The optimization practice of Spark on k8s in Alibaba Cloud EMR

Basic concepts and features of park on K8s

First, I'd like to share some background of Spark on K8s.

1. Spark's cluster deployment mode

Spark now supports four deployment modes:

• Standalone: Spark's built-in scheduler is generally used in the test environment. Because the scheduling framework of big data is not fully utilized, cluster resources cannot be fully utilized.

• Hadoop YARN: The most common way, originated from Hadoop, has a good community ecology.

• Apache Mesos: Similar to YARN, it is also a resource management framework, which has gradually withdrawn from the historical stage.

• Kubernetes: Spark on K8s, Spark3.1.1 officially provides available support for this deployment mode, and more and more users are also actively trying to do this.

The advantages of using Spark on K8s are as follows:

• Improve resource utilization: It is not necessary to deploy multiple clusters according to the usage scenario. All Spark jobs share cluster resources, which can improve the overall cluster utilization. In addition, when used in the cloud, container instances can be elastic, and pay as you go.

• Unified operation and maintenance mode: The community ecology and tools of K8s can be used to uniformly maintain clusters and reduce the operation and maintenance costs brought by cluster switching.

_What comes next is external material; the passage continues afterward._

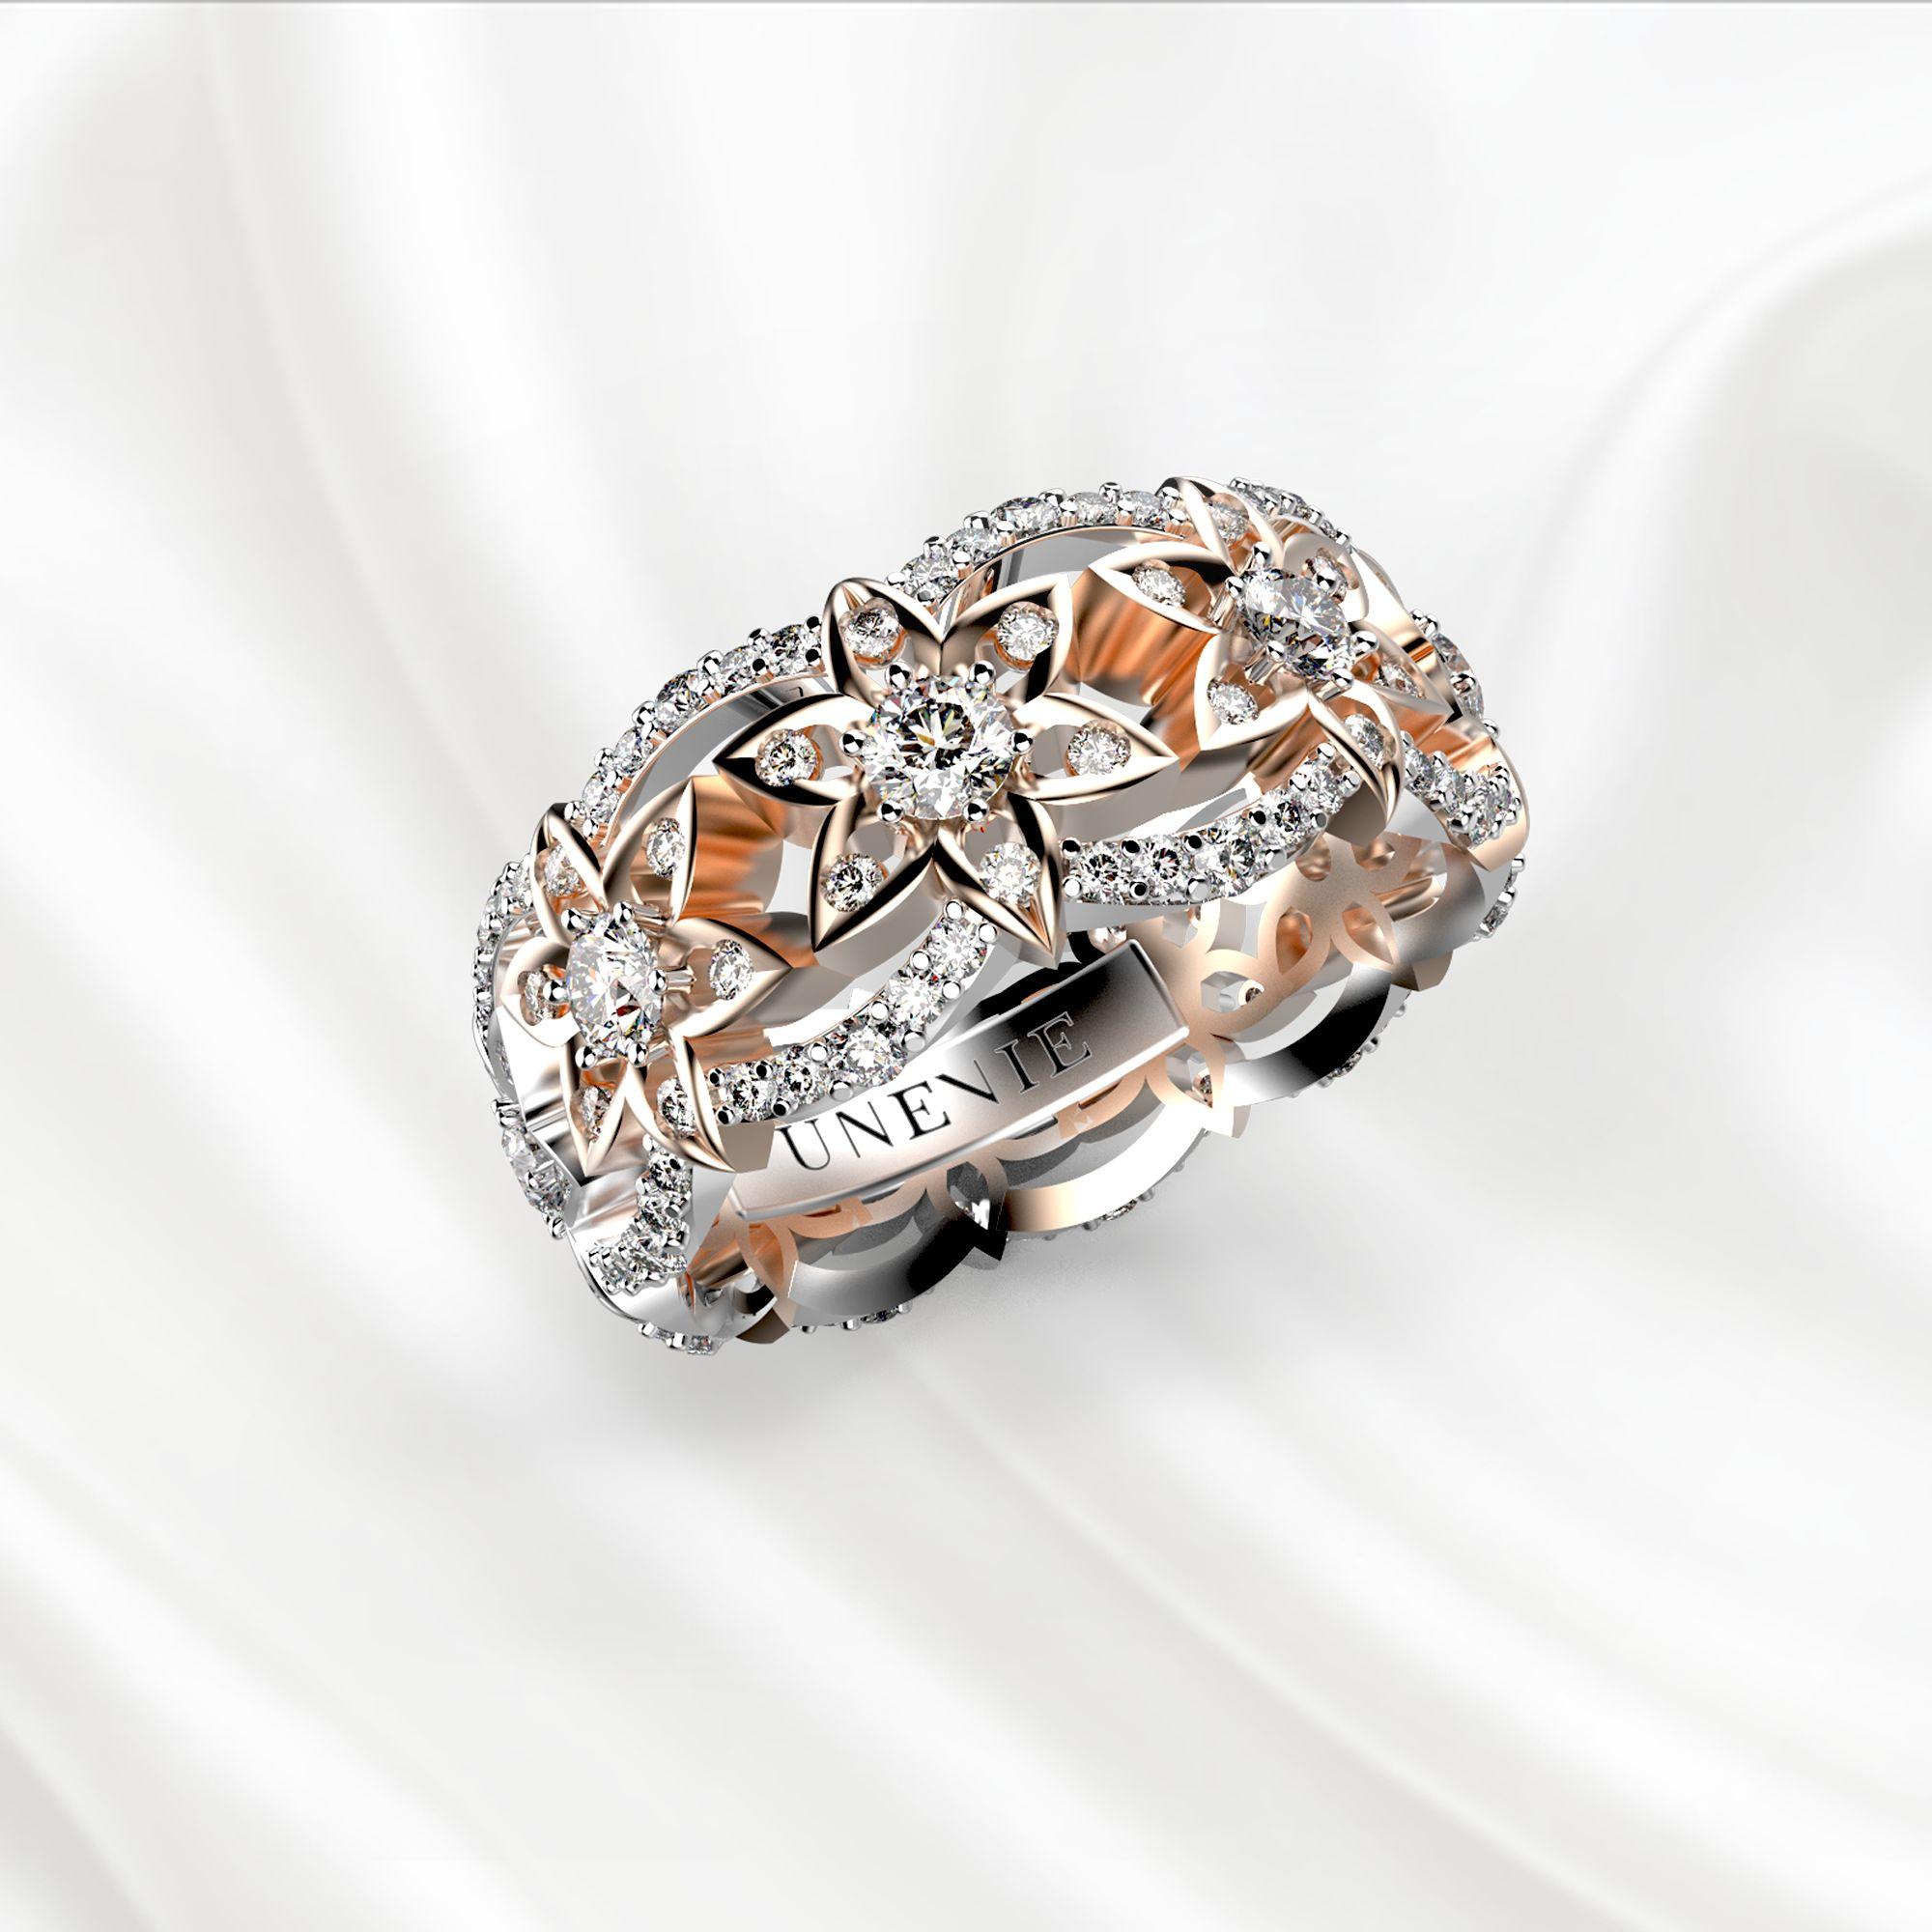 E11 Обручальное кольцо из бело-розового золота с 153 бриллиантами

• Containerization: Through container image management, improve the portability of Spark tasks, avoid version conflicts caused by different versions of Sparks, and support multiple versions of A/B Tests.

In particular, according to our test, the performance gap between Spark on K8s and Spark on YARN is negligible under the same cluster resource conditions. In addition, making full use of the elastic resources of Spark on K8s can better speed up Spark operations.

In conclusion, compared with the Spark on YARN model, the advantages of the Spark on K8s model outweigh the disadvantages.

2. Spark on K8s deployment architecture

In the current environment, there are two ways to submit Spark jobs to K8s:

• Use native spark submit

In this way, K8s clusters do not need to install components in advance. Like the current YARN submission method, the client side submitting jobs needs to install the Spark environment and configure kubectl, which is a tool for connecting K8s clusters. Then, mark the K8s cluster address and the Spark image address used in the submission command.

The above figure shows in detail the task running process of submitting tasks to K8S using the native spark submit. After the user executes the spark submit command on the client side, a process will be started locally. The process will connect to the K8S API server and request to create a Driver Pod. The Driver Pod will start the Spark Context during the startup process and be responsible for applying for the Executor Pod. After the task is completed, the Driver Pod will be responsible for cleaning the Executor Pod. However, the Driver Pod will be retained after completion for log or status viewing, which requires manual cleaning.


This submission method conforms to users' usage habits, reduces users' learning costs, and has better integration with existing big data platforms. Because it is submitted in the Client mode, it supports local dependency and the Spark shell interactive operation mode.

• Use Spark-on-K8s operator

Spark-on-K8s operator is an open-source component of Google. A resident pod needs to be deployed in K8s cluster in advance to provide related services. Different from the first method, this method is no longer used to submit a command line. Instead, kubectl is used to submit a yaml file to submit a job. In essence, this tool is implemented in the form of spark submit, which is equivalent to that the information in the command line is submitted in a file format. However, Spark-on-K8s operator has made some auxiliary tools based on the first method, including scheduled scheduling, monitoring, job management, etc.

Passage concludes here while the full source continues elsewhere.